I mentioned in my previous post that some time after my last post in 2009, I was hospitalised.
In my 20th week of pregnancy, a colonoscopy confirmed my fears. I had UC and it was severe. The gastroenterologist prescribed 4800mg Asacol a day. That was 12 pills! Everyday! Being the kind of person who loathed to take medication (even a small dose of paracetamol was not taken lightly with me), I chose to completely ignore his advice.
Now it may appear that my decision was irresponsible. But there are two things you have to consider here:
1. I was 20 weeks pregnant with my first child and was terrified that the medication would have adverse effects on my baby. Although I had the go ahead from atleast 4 medical specialists, I still worried that if any harm came to my unborn child I would forever blame myself.
2. I had no idea how bad UC could actually get.
So off I went full of hope and naivety to consult with a Homeopath. She assured me that she had treated others with the very same condition with excellent results. Words like 'gluten-free diet' and 'cured' were used.
I believed her. I wanted to believe her.
I needed to believe her.
In the two months that followed, I religiously consumed the costly health supplements and was rigid about following the gluten free plan. Yet, the UC didn't improve. In fact, the symptoms only became worse. I would spend the major part of my day in the loo and most of the night as well. The stabbing pain would wake me up at night. Some nights I was convinced that I would pass out from the pain.

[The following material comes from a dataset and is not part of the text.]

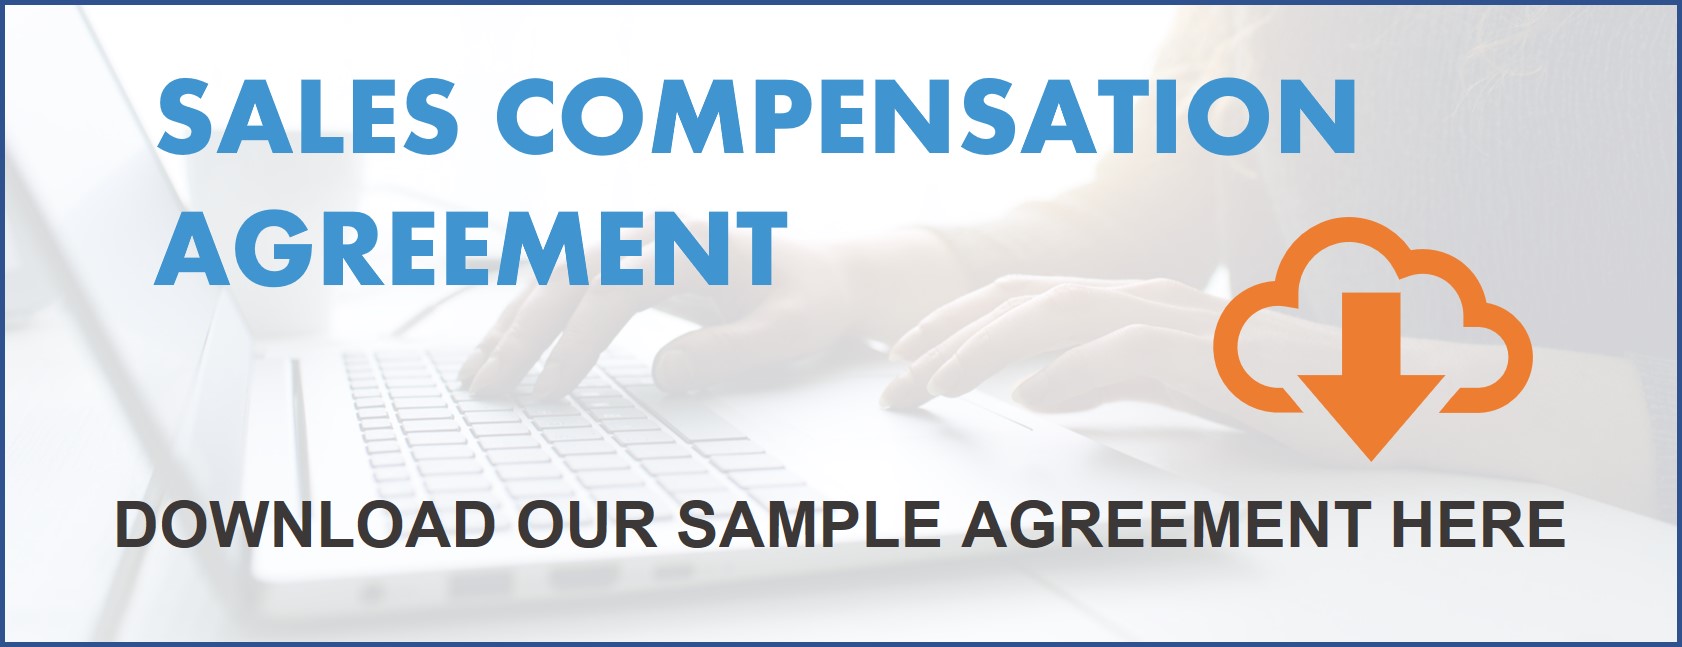 Sales-Compensation-Agreement-Download-1

Sometime around my 30th week of pregnancy I found myself physically and emotionally depleted. It was the day before my husband and I were due to leave for our last holiday before baby's arrival. We had been planning it for months and were eagerly anticipating it.
But I found myself completely exhausted. I had not slept more than hour at a time in weeks. I could not get through a meal without running to the loo atleast once. Pain was my constant companion. When I wasn't doubled over and breathing myself through pain, I was living in the fear of it gripping me at any second.

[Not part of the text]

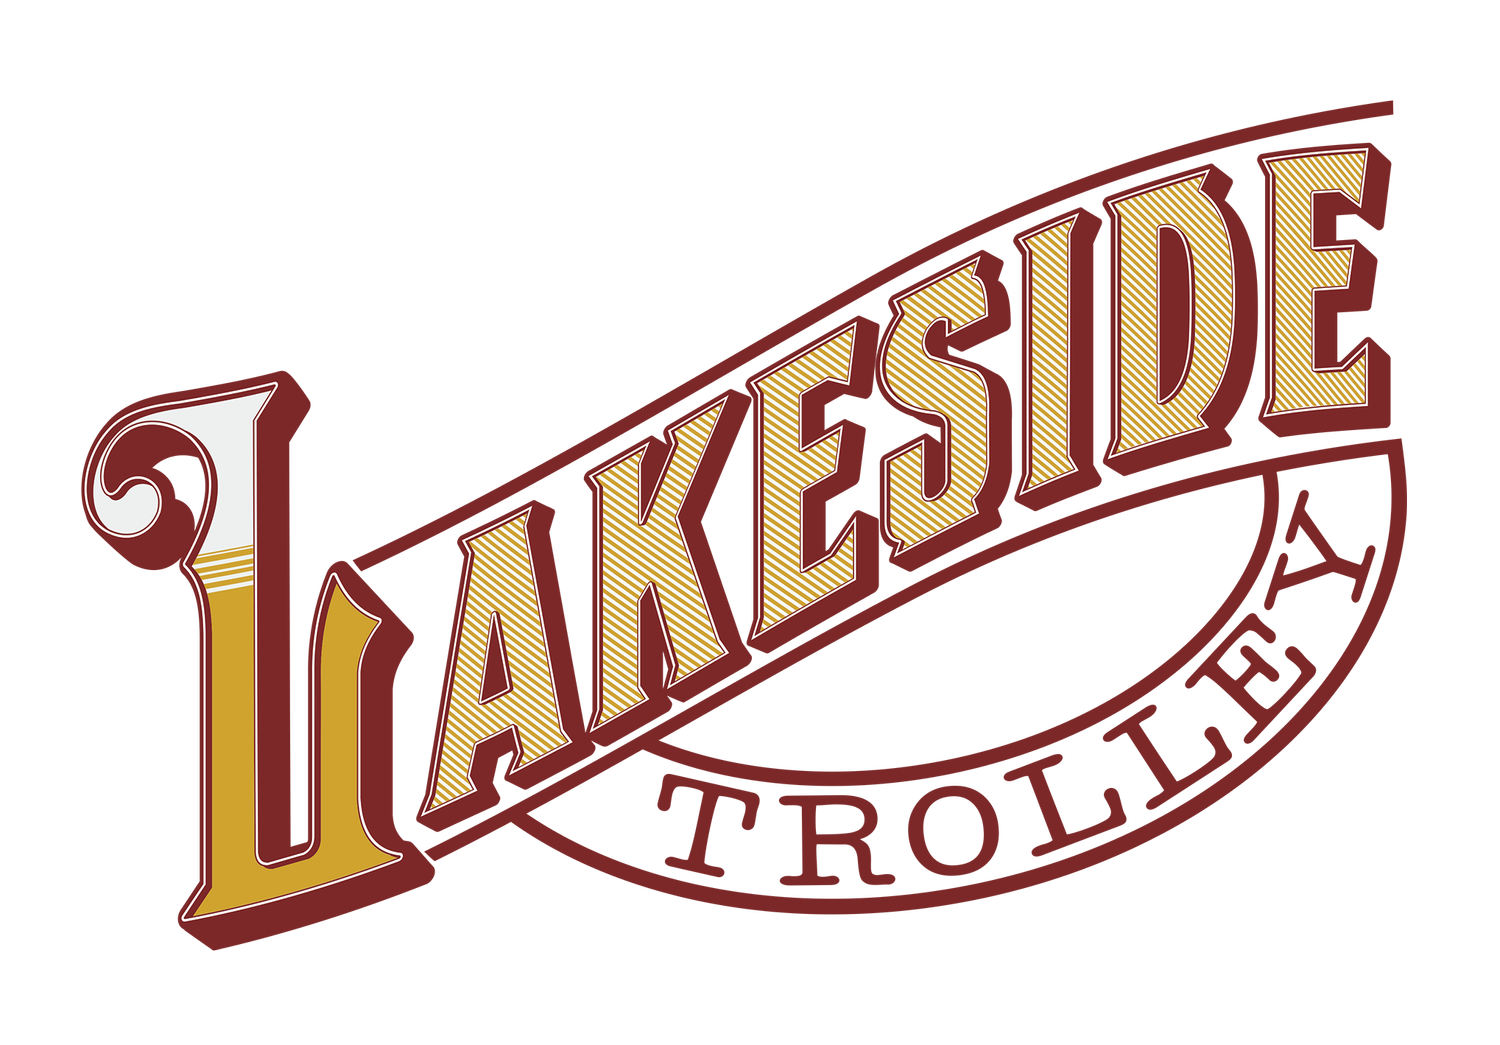 Lakeside Trolley

Writing about it now causes me to tear. I realise this is why I have avoided writing about it for so long. It was the most difficult period in my life. Looking back, I realise that I unwittingly made it more difficult for myself by not being honest about what I was going through with my loved ones. Not even my husband (who has always been my best friend) was privy to how bad it really was. I glazed over the details, made light of the pain. So what ensued over the next few days caught him, as well as the rest of our family, completely off-guard.